Action item =>
Copy each line below exactly as it appears. Pictures are to be omitted.

Data section =>
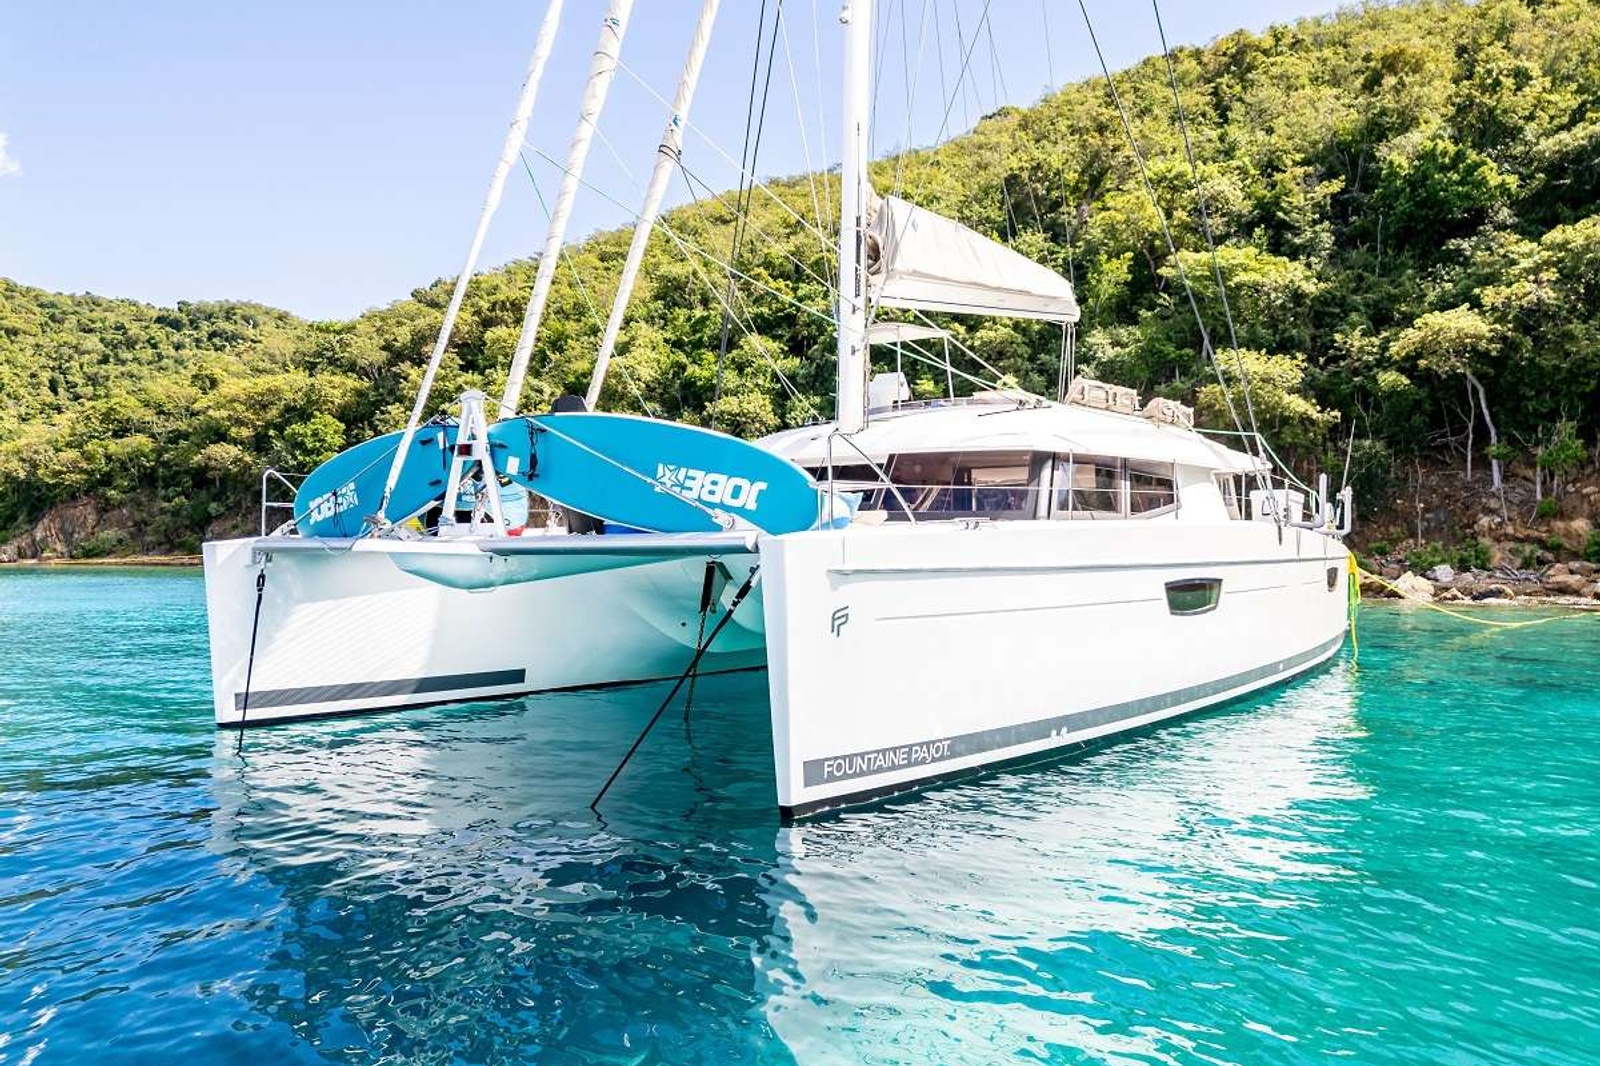 Unwind in luxury and style aboard this stunning 2018 Fountain Pajot sailing catamaran, meticulously crafted to accommodate up to 8 guests on a luxurious 58ft catamaran

Step into the primary cabin, where a plush king-size bed awaits, complemented by a spacious work desk and a cozy lounge area, perfect for unwinding after a day of adventure.

Three additional well-appointed cabins offer ample space and comfort, each boasting a queen-size berth, ensuring that every guest can retreat to their own private sanctuary.

Embark on unforgettable voyages, surrounded by breathtaking scenery and the tranquility of the open seas, aboard this exceptional catamaran.

Written reply =>
 Unwind in luxury and style aboard this stunning 2018 Fountain Pajot sailing catamaran, meticulously crafted to accommodate up to 8 guests on a luxurious 58ft catamaran

Step into the primary cabin, where a plush king-size bed awaits, complemented by a spacious work desk and a cozy lounge area, perfect for unwinding after a day of adventure.

Three additional well-appointed cabins offer ample space and comfort, each boasting a queen-size berth, ensuring that every guest can retreat to their own private sanctuary.

Embark on unforgettable voyages, surrounded by breathtaking scenery and the tranquility of the open seas, aboard this exceptional catamaran.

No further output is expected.